Enkele minuten lang al zit een man tegen de slaap te vechten, terwijl de nacht om hem heen glijdt. De radio staat aan, maar de ontvangst valt soms weg. Dat bepaalt het ritme waarin hij dreigt weg te dommelen en vervolgens met een ruk wakker schudt.
Hoewel zijn auto nog altijd in een rechte lijn over de weg gaat, beseft de man dat, als hij het niet snel te hulp zal schieten, zijn bewustzijn door de slaap overmand kan worden. Daarom begint hij naarstig te zoeken naar iets wat het wakker zou kunnen houden. Om hem heen is er echter niets wat hem daarbij kan helpen. Er is geen verlichting op de weg –behalve reflecterende strepen op het wegdek, die monotoon voorbij scheren. De horizon is een denkbeeldige lijn in een zwart vlak, die hij nadert en nooit zal bereiken. Daarin zal hij dus niets kunnen ontdekken waarop hij zijn aandacht zou kunnen vestigen, niets waarmee hij de getijden van de slaap terug kan duwen.

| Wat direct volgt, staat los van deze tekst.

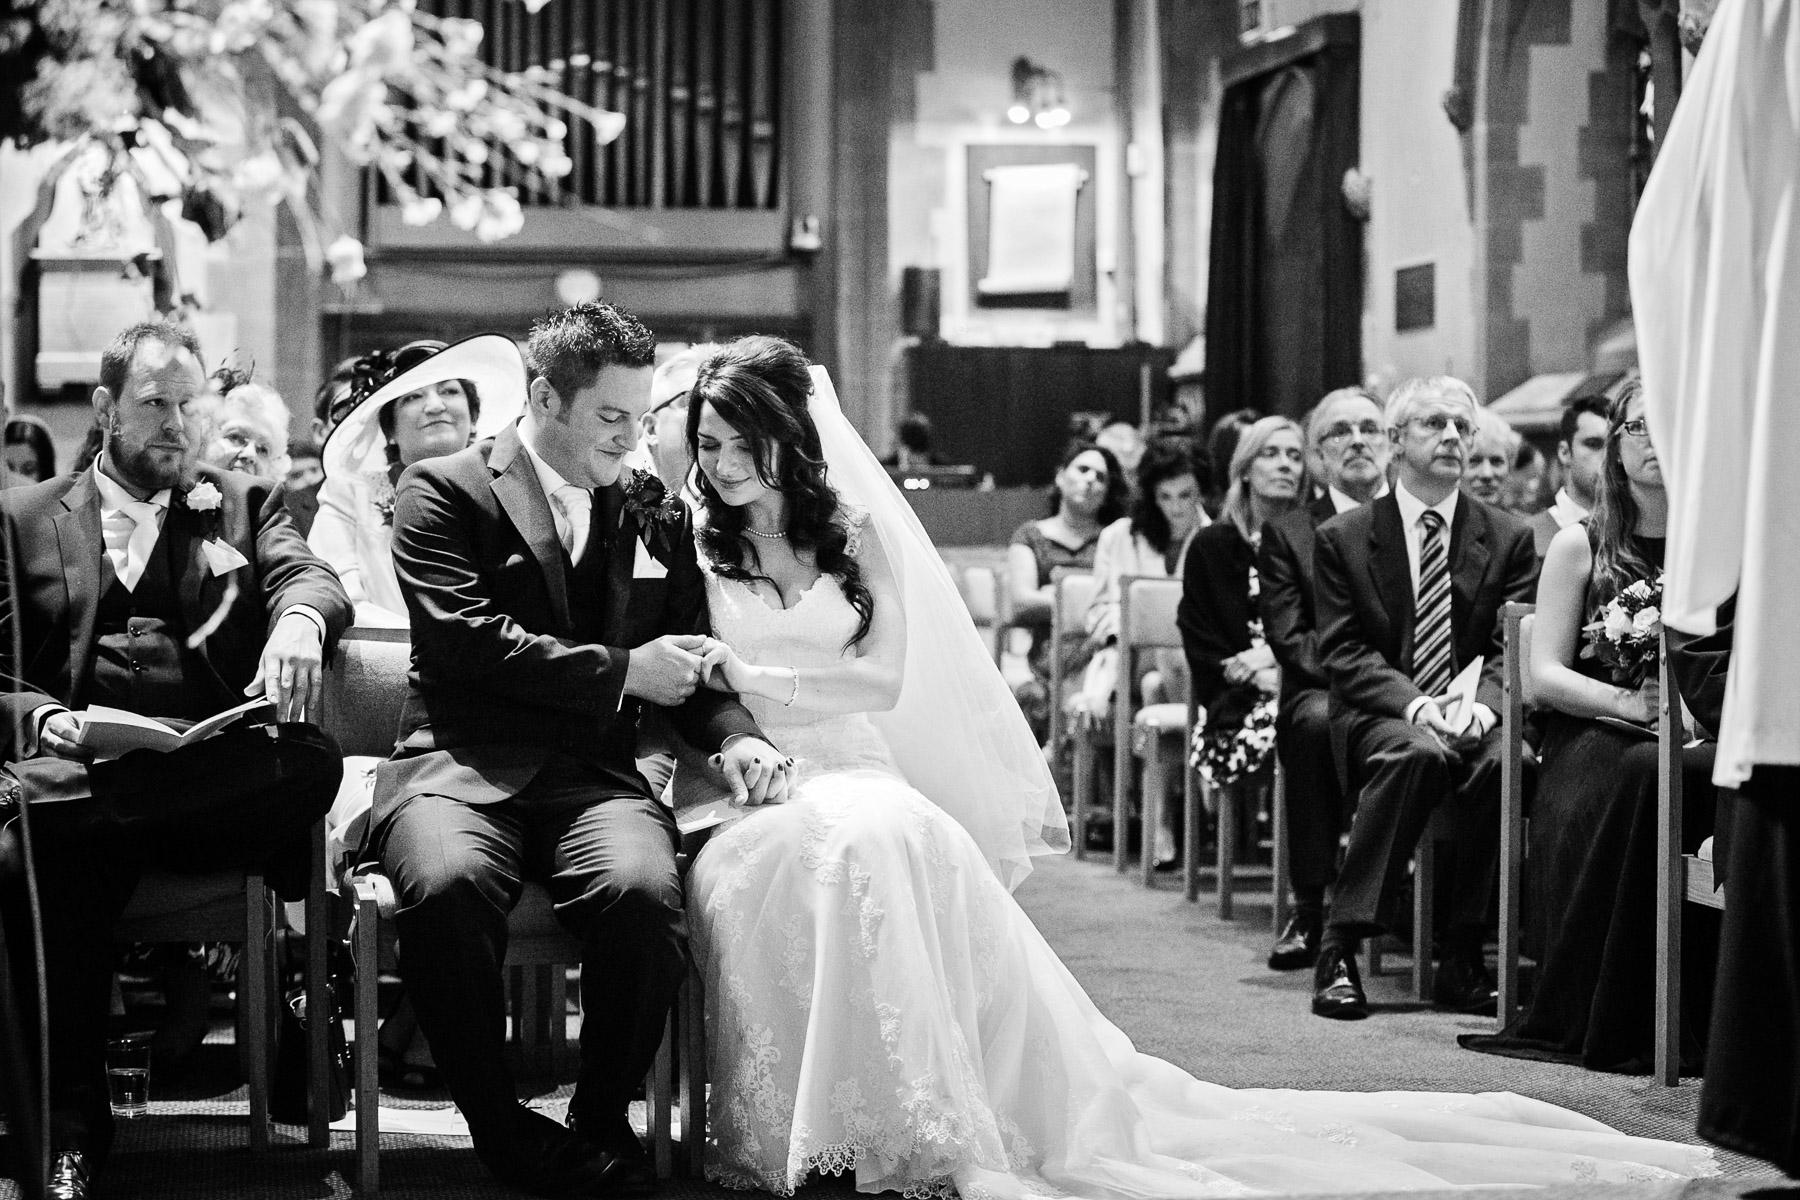 wedding portfolio 25-09-17  021.jpg

Uiteindelijk probeert hij zich dan maar innerlijk af te leiden. Dat doet hij door te trachten zich iets moois voor de geest te halen, het mooiste wat hem in zijn leven overgekomen is. De gedachte daaraan moet hem genoeg bescherming kunnen bieden tegen het zwarte water, waarin hij dreigt te zullen verdrinken.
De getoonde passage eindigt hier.